Impact: There are two Planned Parenthood clinics in Fairfax County, one in Fairfax and the other in Falls Church. Nearly 200 health centers in 24 states are at risk of closing. “The defund law blocks people who use Medicaid from getting care at Planned Parenthood health centers and means that over 1.1 million patients could now lose access to birth control, wellness visits, STI tests, cancer screenings, and more,” according to Planned Parenthood. 


Temporarily increases the state and local tax (SALT) deduction cap from $10,000 to $40,000 for five years. The cap applies to taxpayers earning up to $500,000 annually, specifically for tax years 2025 through 2029. Fairfax County's median household income is high, around $141,553 to $150,113. This means that a significant percentage of Fairfax County residents fall into the highest income tax bracket in the state of Virginia.

Impact: For Fairfax County residents who itemize their deductions, the new $40,000 cap allows them to deduct a larger portion of their state and local taxes on their federal income tax forms.
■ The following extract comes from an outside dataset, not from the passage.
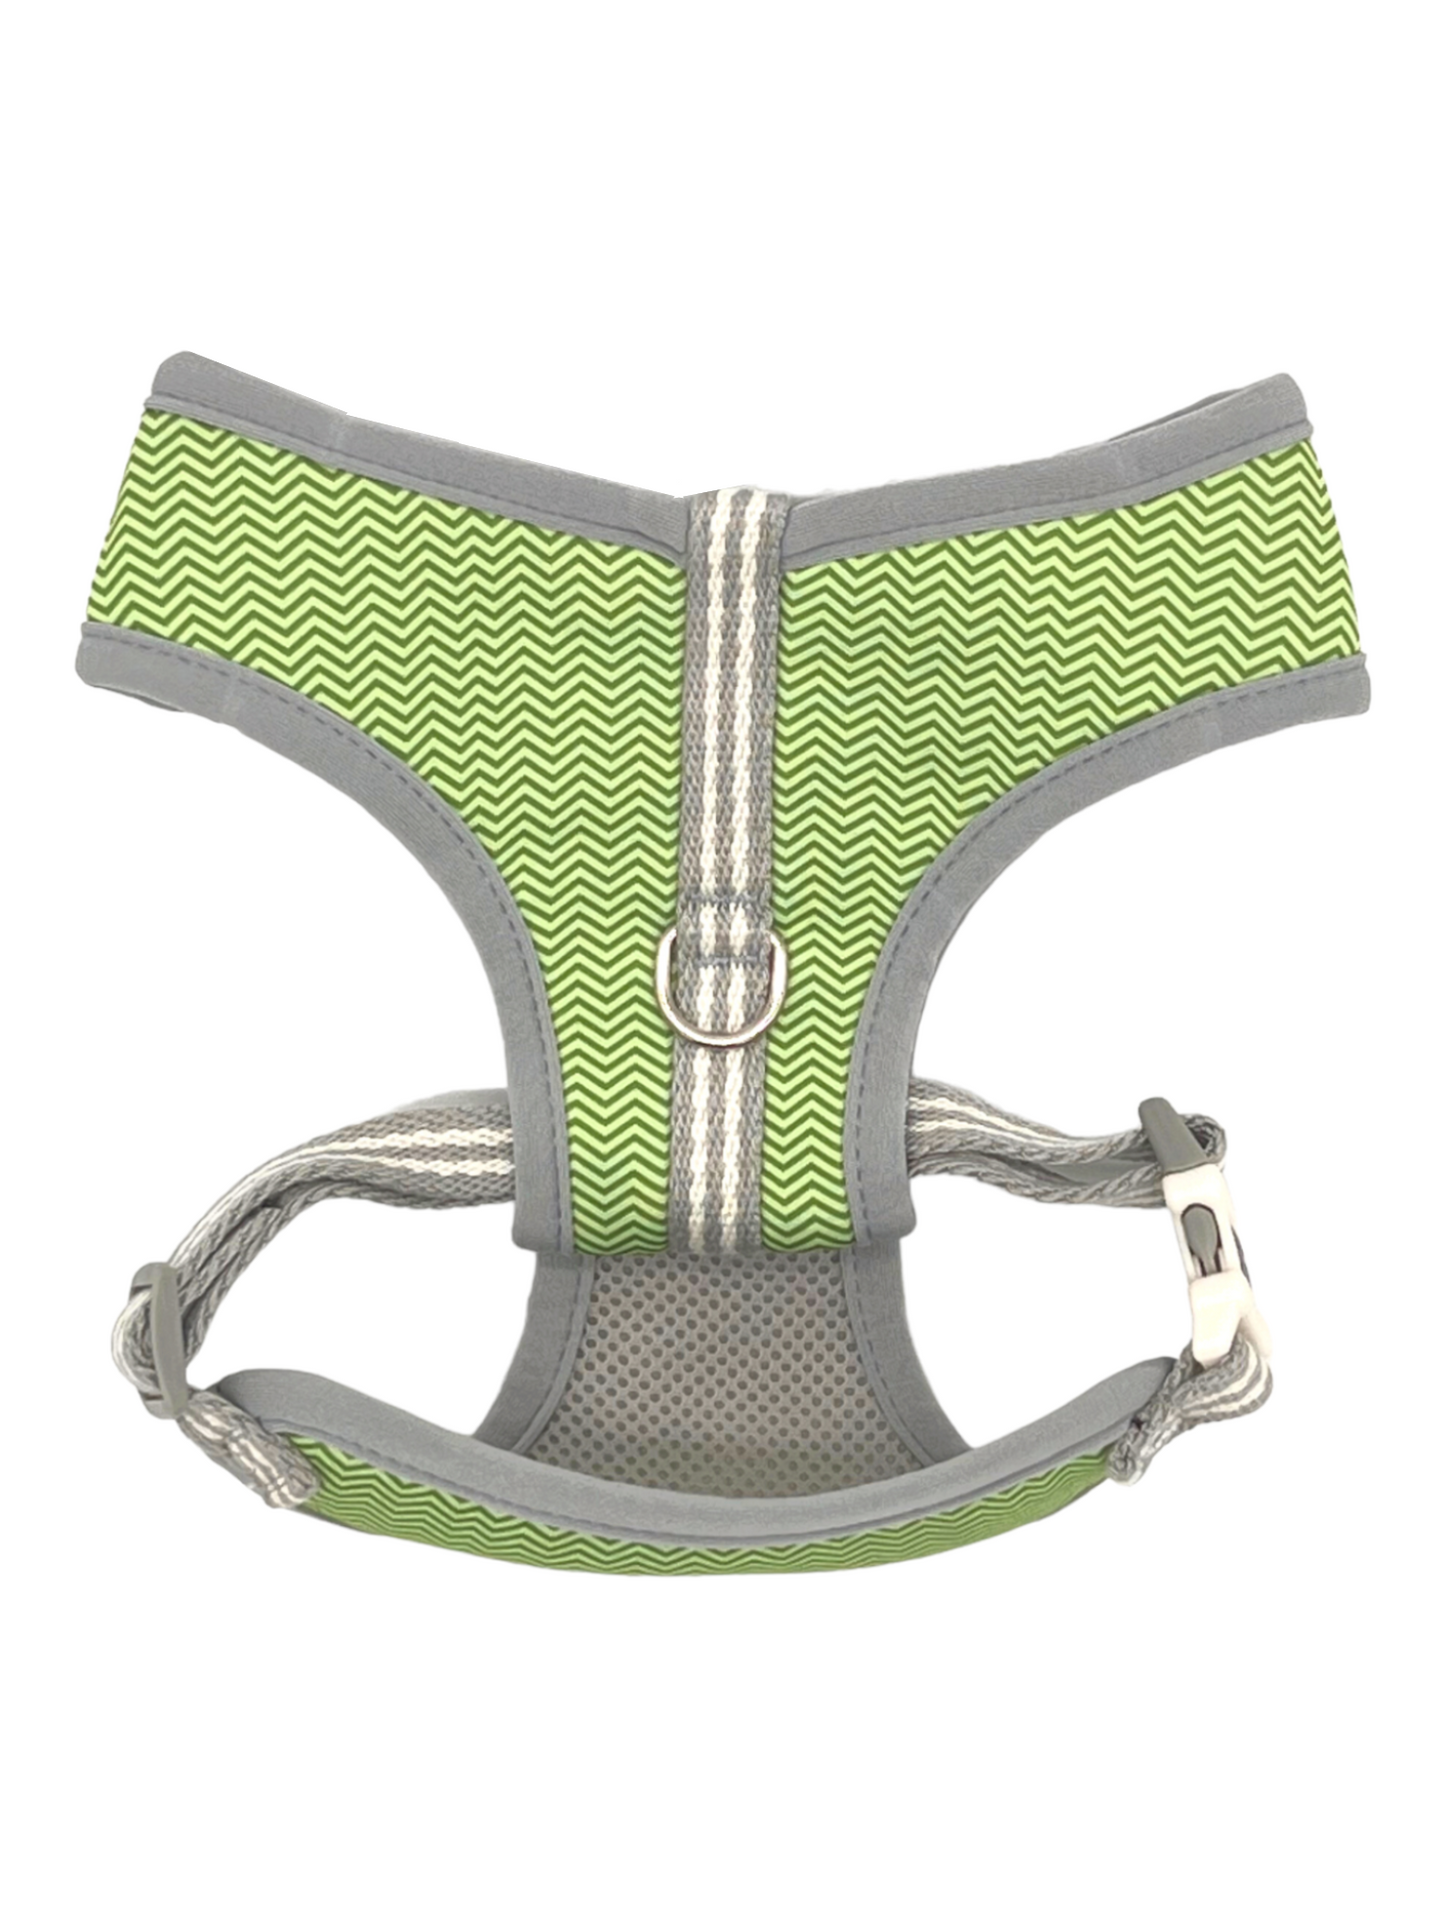 Lime Chevron Stripe Designer Dog Harness

The benefit is short-lived, only for five years.


What else does H.R. 1 do?

Extends many individual and business tax cuts from the 2017 Tax Cuts and Jobs Act benefitting wealthy taxpayers. This includes lower individual income tax rates, a higher standard deduction, and increased deductions for small businesses.

Introduces new temporary deductions for tips and overtime pay. The bill would allow many tipped workers to deduct up to $25,000 of their tips and overtime from their taxes. That provision expires in 2028.